My Gun Is Quick – Written in 1950, I’m reading from the New American Library edition published in 2001, 190 pages.

As the novel opens we find Mike stopping at a diner in the wee hours of the morning where he chats up a red head whose currently prostituting to make ends meet. He sees something honorable in the kid and invests some of the profit he’s just made on a case. He gives her some dough to get a new outfit, get a new job and a new lease on life. The next day she’s found dead, apparently by an accident but Mike sees it otherwise. He takes to the streets uncovering a city wide prostitution ring and dispensing cold hard justice along the way to finding her killer.

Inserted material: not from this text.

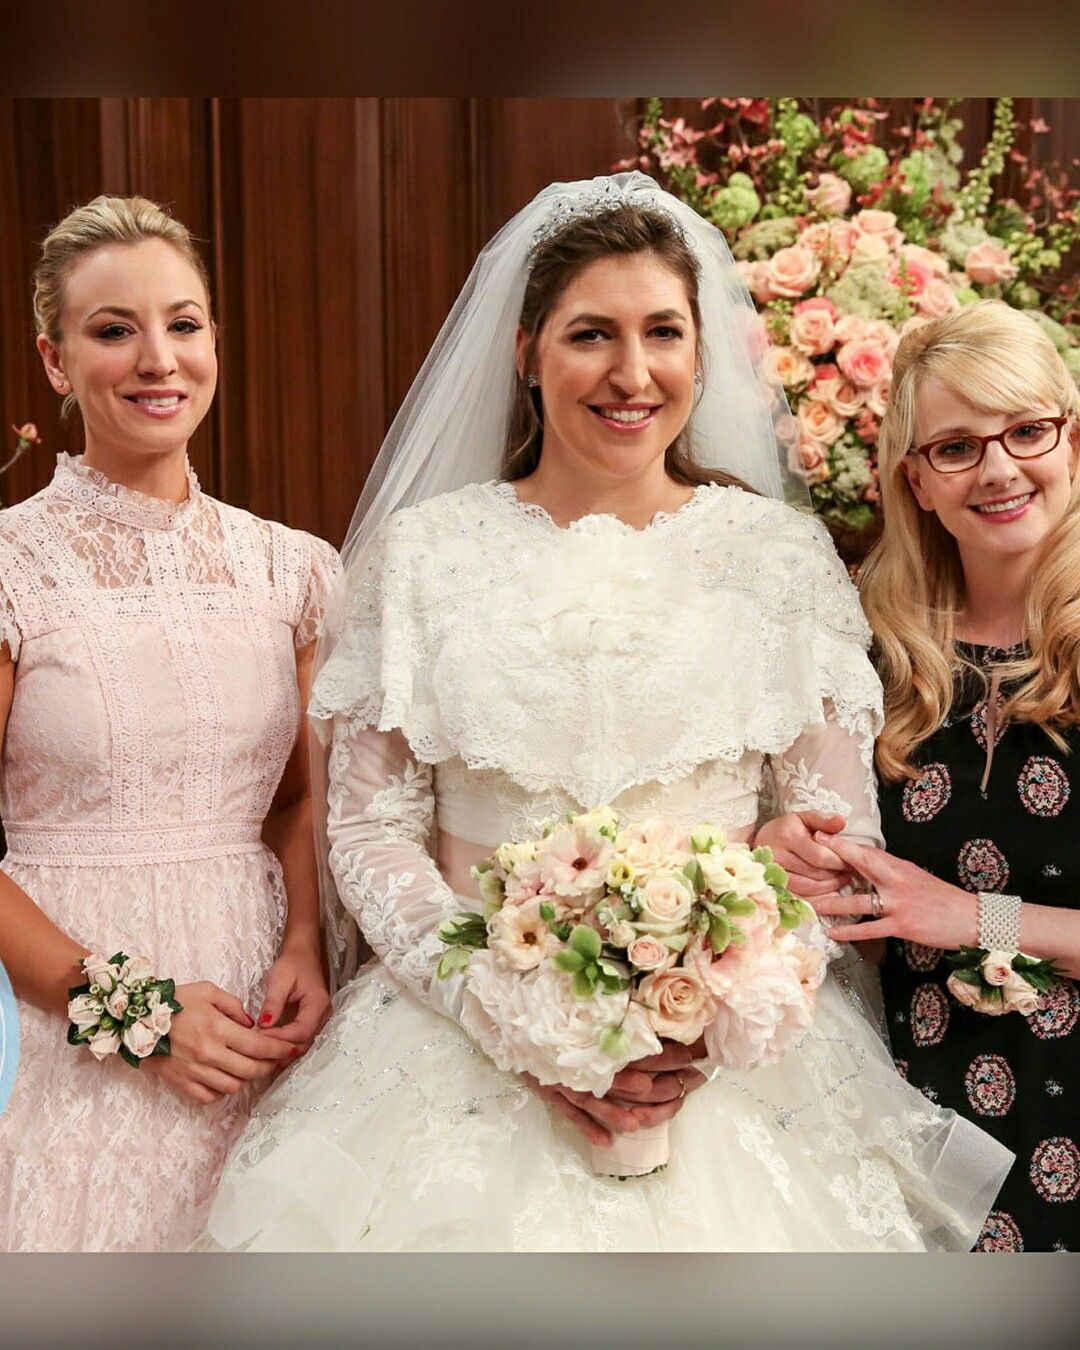 Amy's wedding dress  Penny Amy and Bernadette on Shamyus wedding day TBBT  The Big
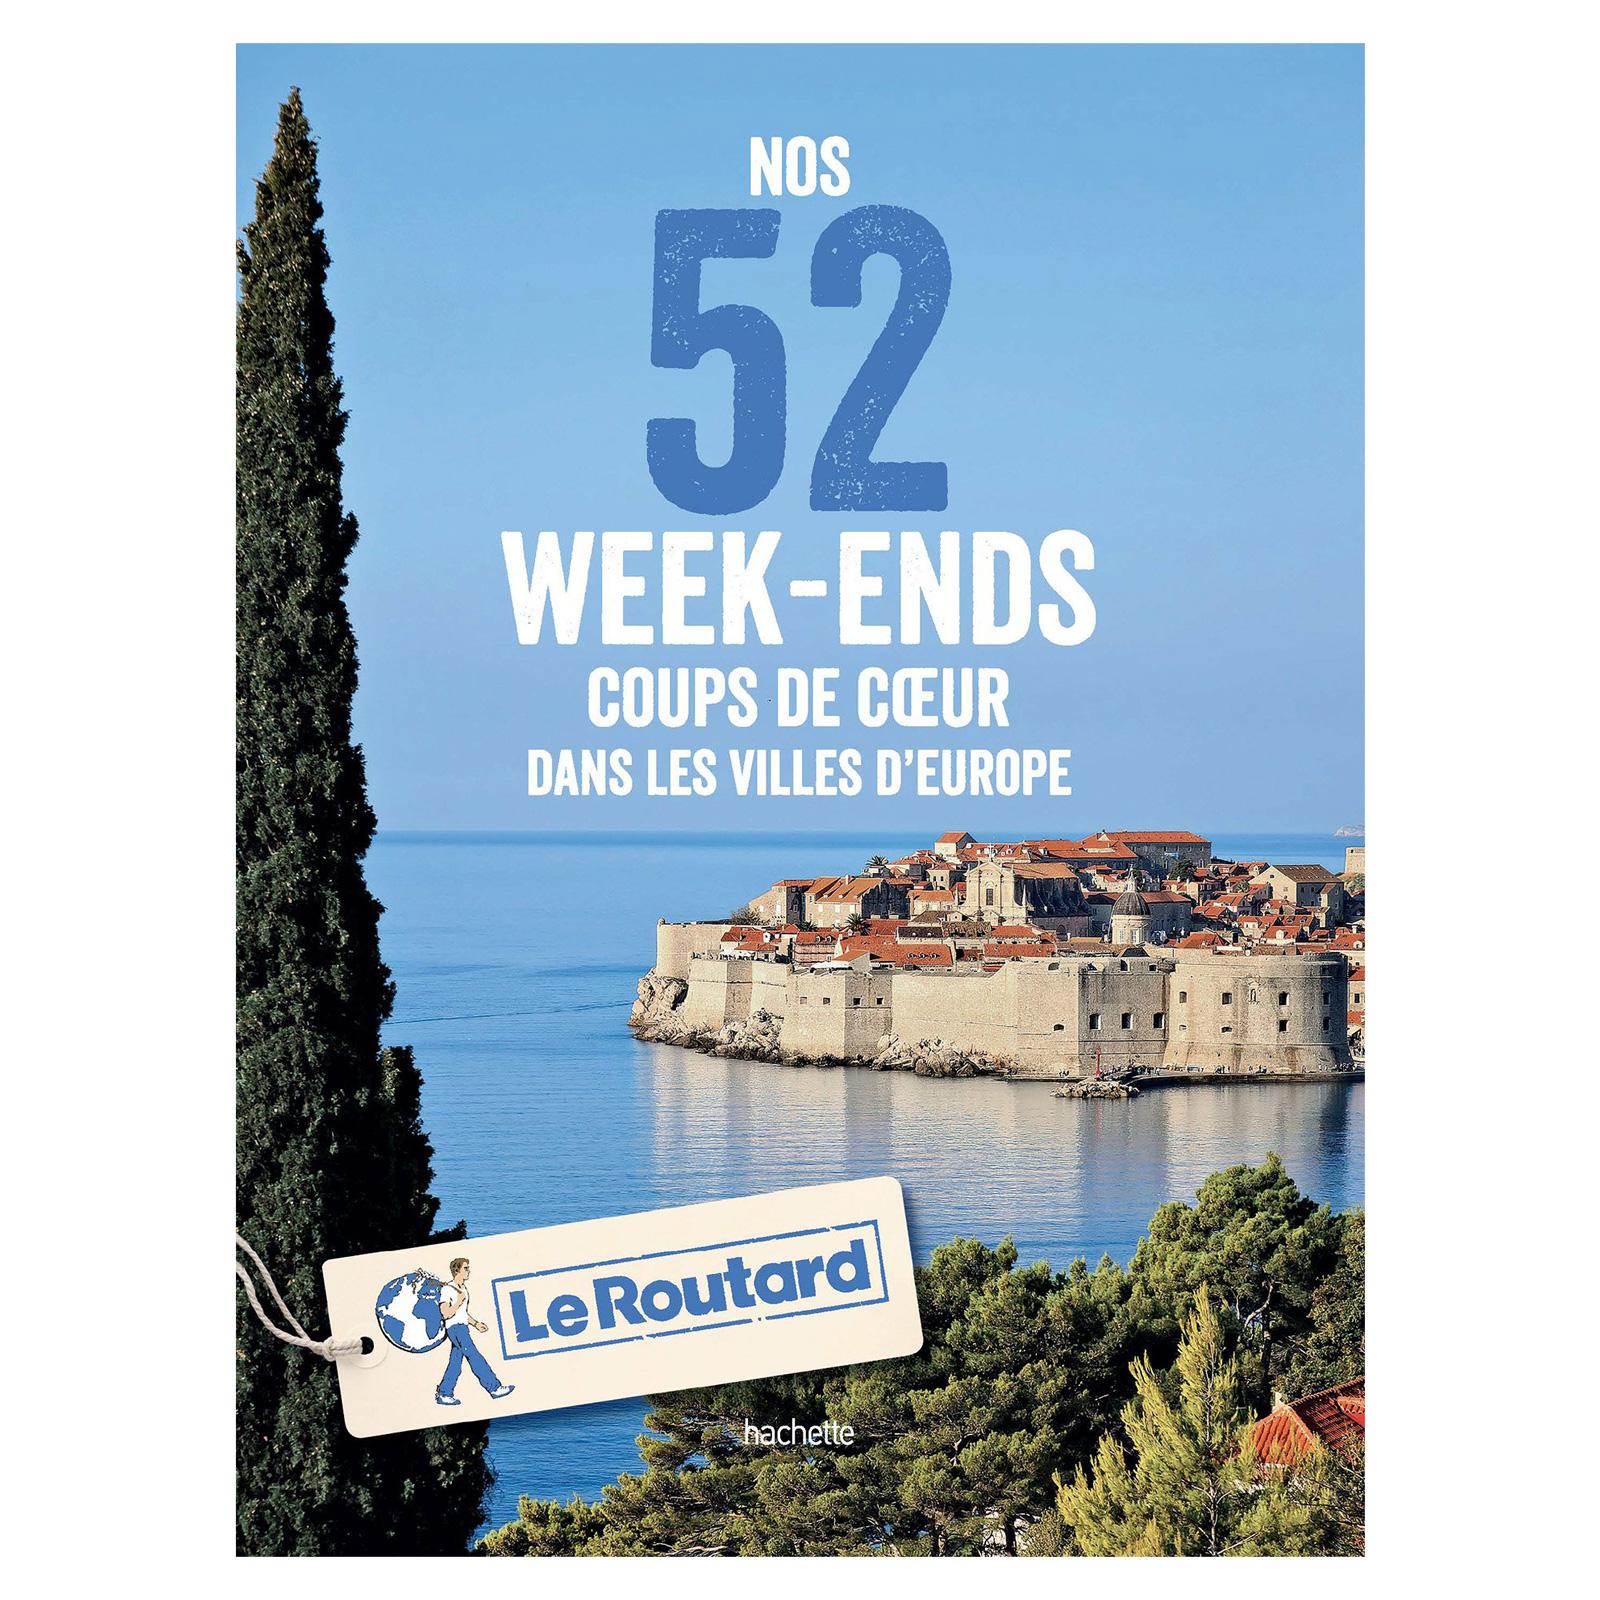 Ends De Coups Nos Coeur Week 52 rBWxedCo

This novel tells a story whose central theme appears to be the potential for redemption in a gritty city pulled out from under you at the last second. Nancy, the redhead could have made it if crime hadn’t caught up with her. Lola, another central character who Mike encounters seems well on the way to redemption until her young life was snuffed out too. Even Ann who was going to take the cash a blow town, got herself whacked before she could cash the check.

Following up on leads, Mike encounters a wealthy elderly gentleman, the last survivor of his line, erecting a memorial to himself. While Mike explains what information he needs and the nature of the case, the gentleman is moved by Mike’s story feels a renewal of faith in human kindness… and insists on financing Mike mission to find the identity of the redhead, as its unknown to us at the start…

It’s here as the old man discusses the futility of wealthy the Mike offers his insight on what makes a detective.

I nodded, blowing a streamer of smoke at the ceiling, ‘Money is great. Mr. Berin, but sometimes a guy gets pretty damn sore and money doesn’t matter any more. A guy can get just plain curious, too… and money doesn’t matter then either.’

What follows Mike all through the story, like a dog with the sent of a fox, snapping at his heels is this indignation. He isn’t concerned with the ‘big picture’ prostitution ring that his investigation appears to be unearthing. He leaves that to the press and the police to clean up. No, his mission is a personal vendetta… He took up a cause, to give a young deserving lady a chance at redemption and some one… some scum, stole that from her just as it was about to bear fruit.
It’s this feeling of ‘making it personal’ that builds an intimacy with this reader… I feel for these guys and dolls of the noir city.